Ci sono tre ragioni per questa dimostrazione di forza. La prima è ribadire la vicinanza della Russia alla Siria e al suo alleato Bashar al Assad, un criminale di guerra e un dittatore con centinaia di migliaia di morti sulla coscienza. La seconda è presidiare le opportunità energetiche e di estrazione di petrolio e gas nell’East Med.
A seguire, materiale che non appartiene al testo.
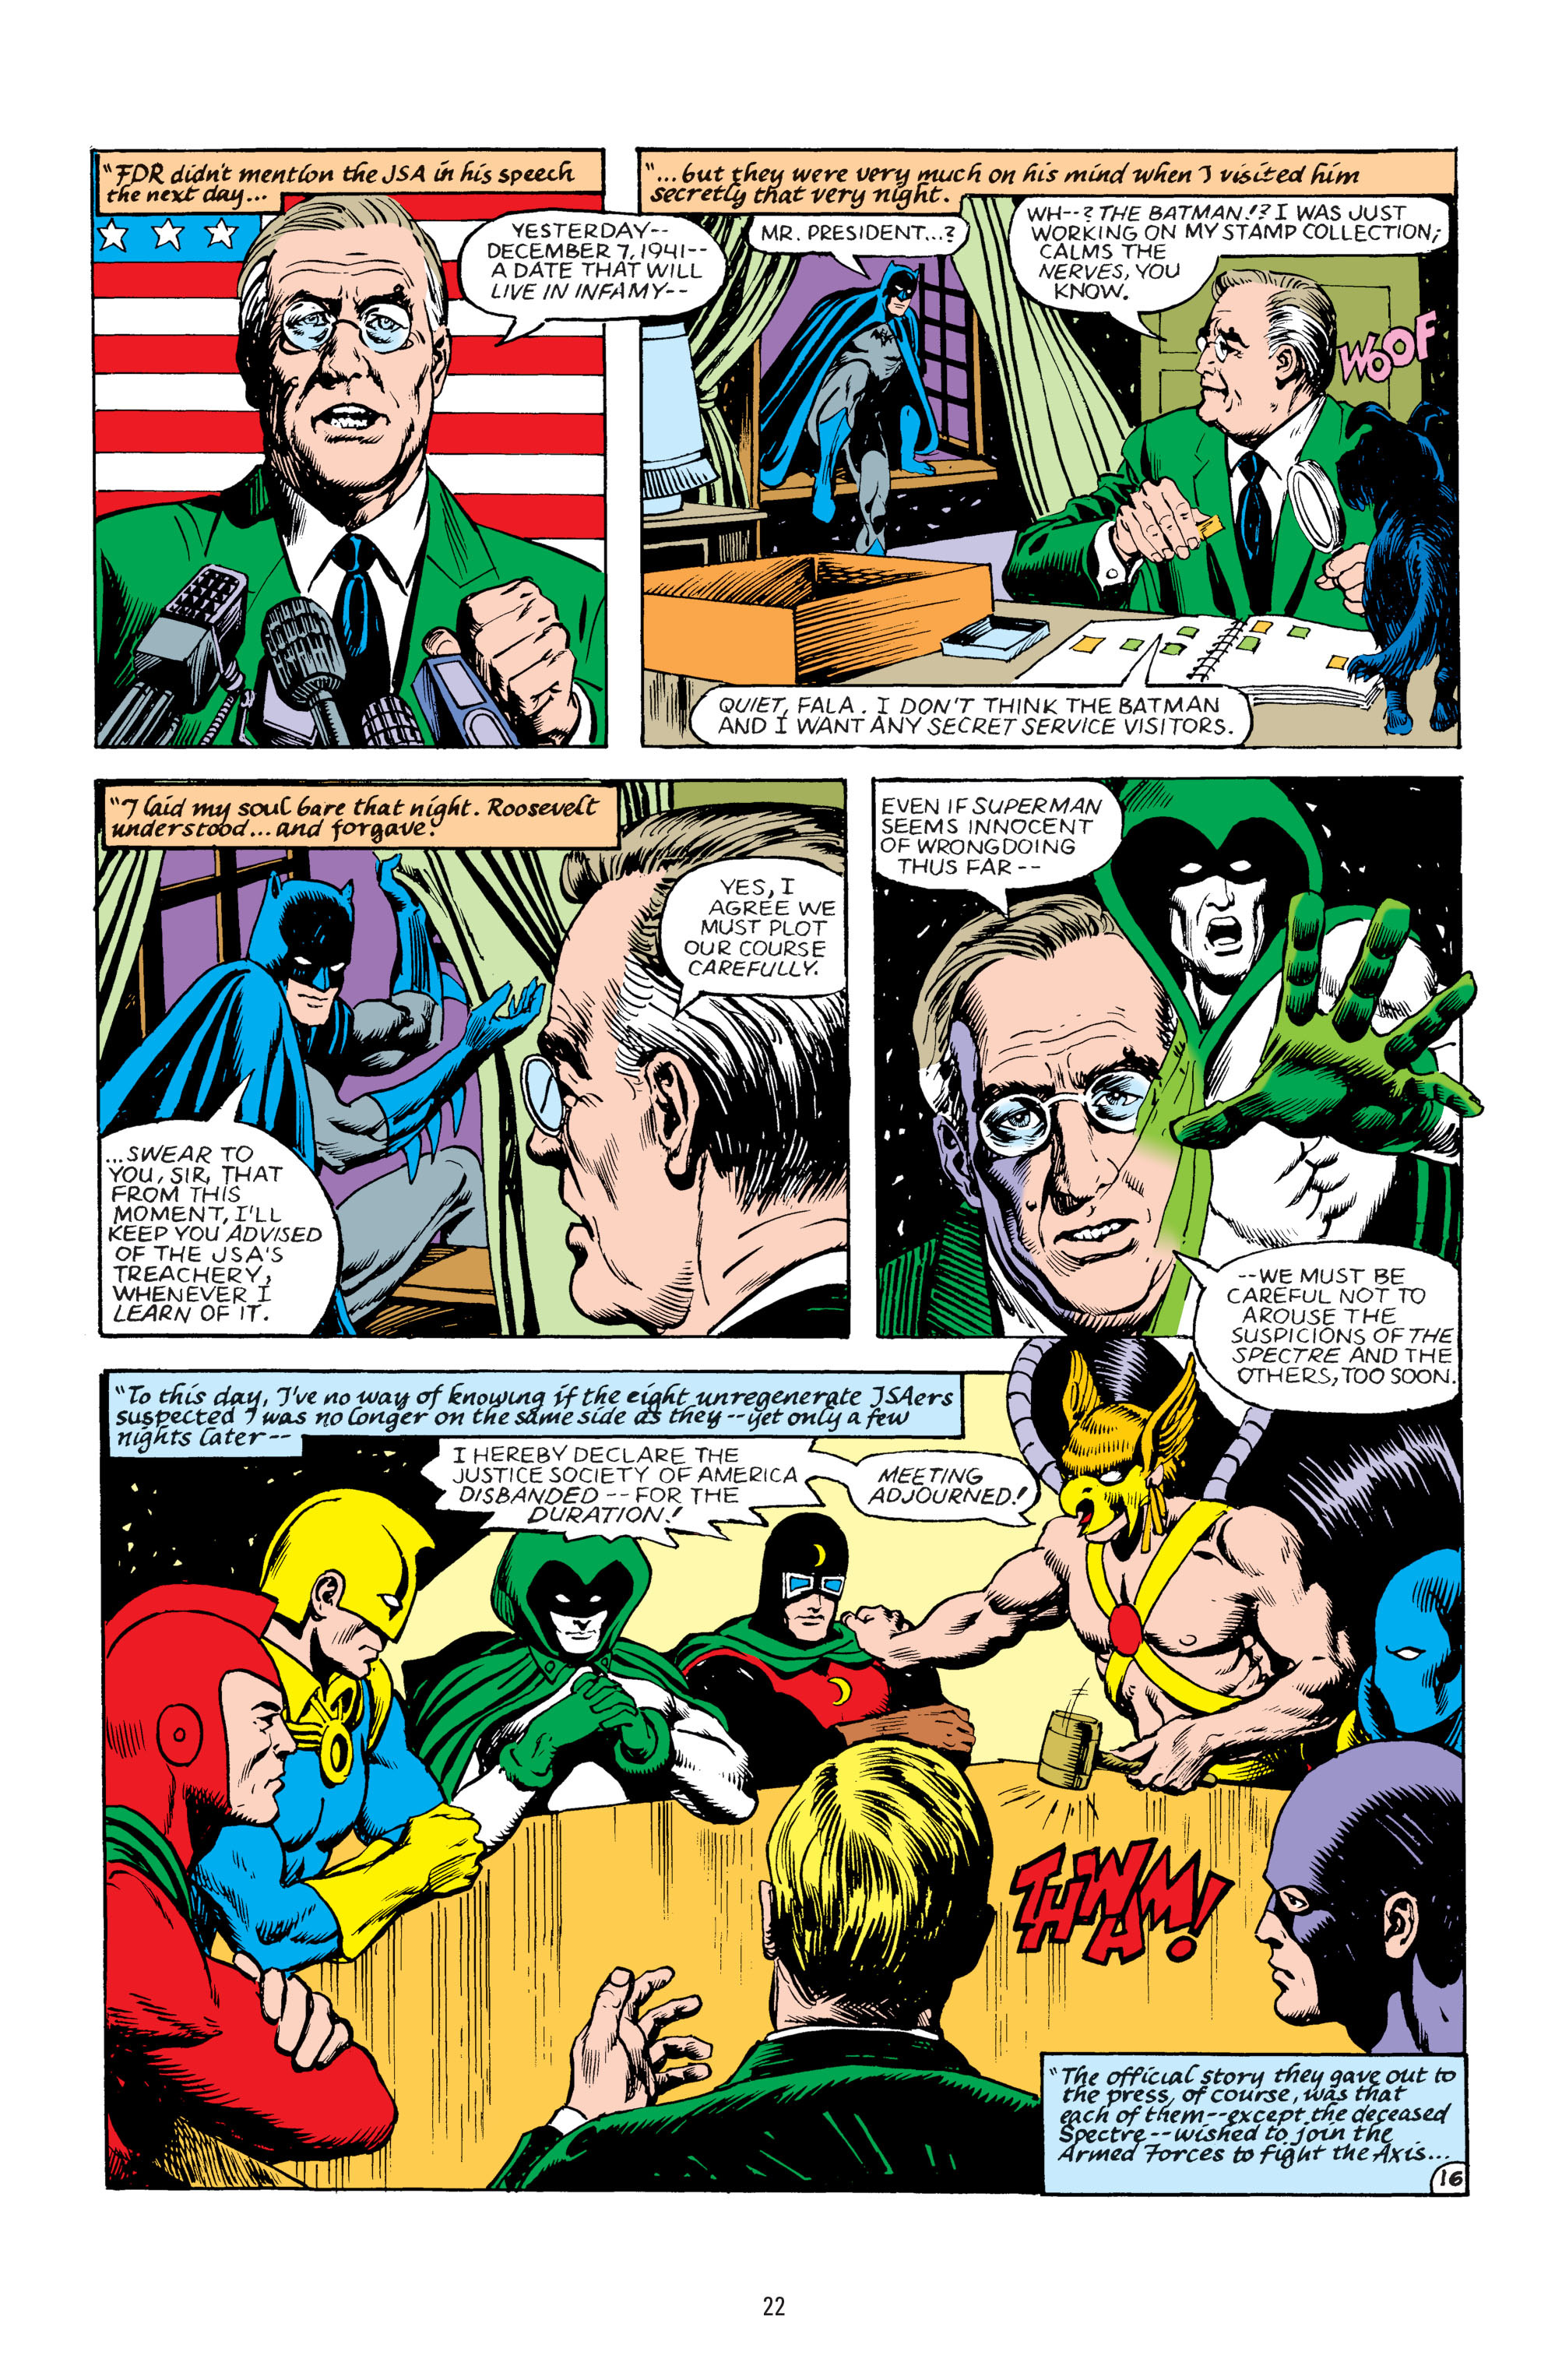 Read online America vs. the Justice Society comic -  Issue # TPB - 22

La terza, infine, è rivendicare il completo controllo del Mar Nero per ricordare al mondo di essere una potenza navale e per pattugliare le acque intorno alla Crimea.

A proposito di Russia, Biden l’ha definita una “potenza in declino”. Concorda?

Non c’è alcun dubbio, la Russia è una potenza al tramonto. La sua popolazione sta invecchiando rapidamente, alla fine del secolo sarà inferiore a quella turca. L’aspettativa di vita sta crollando, i tassi di alcolismo sono senza precedenti, l’economia si regge solo su gas e petrolio, e come la Cina non può vantare veri alleati. Questo suo declino è un problema.

Perché?

Perché per nasconderlo il governo russo aumenta la sua assertività all’estero, così da potersi presentare come grande potenza sul piano interno. Putin continuerà ad avallare operazioni come la guerra in Ucraina o in Siria e le interferenze nelle elezioni americane. Niente di più pericoloso di una nazione debole che vuole sembrare forte.

L’Italia sembra voler optare per un approccio “pragmatico” nei rapporti con la Russia. Crede che servirebbe una più chiara scelta di campo?

L’Italia dovrebbe a mio parere convincere Putin a collaborare con l’Occidente e invitarlo a non cedere all’abbraccio cinese. Ben venga dunque il dialogo, purché non ci siano equivoci sulle minacce poste da Mosca, dall’invasione in Crimea e Georgia alle interferenze nelle democrazie, e sulle sanzioni da imporre per contenerle. Non si può rimanere in silenzio di fronte a un evento come l’avvelenamento di Alexei Navalny.

Un altro Paese con cui l’Italia di Mario Draghi cerca un nuovo rapporto è la Turchia di Recep Tayyip Erdogan. In questi anni non sono mancate tensioni fra Washington e Ankara. È ancora da considerare un alleato della Nato?

Da ex comandante delle forze Nato in Europa, posso garantire che la Turchia ha sempre risposto alla nostra chiamata, inviando soldati in Afghanistan e nei Balcani, navi da guerra dove fosse necessario. A Kabul e nella regione centrale irachena i turchi hanno fatto un ottimo lavoro, proprio come gli italiani a Ovest. C’è ovviamente un problema.

Quale?

Il continuo tentativo di allontanarsi dal perimetro della Nato. Come l’acquisto dei missili russi S-400, che sono e restano incompatibili con i jet F-35. La Turchia è ancora un alleato strategico per l’alleanza. Ma per Erdogan è arrivato il momento di fugare qualsiasi ambiguità.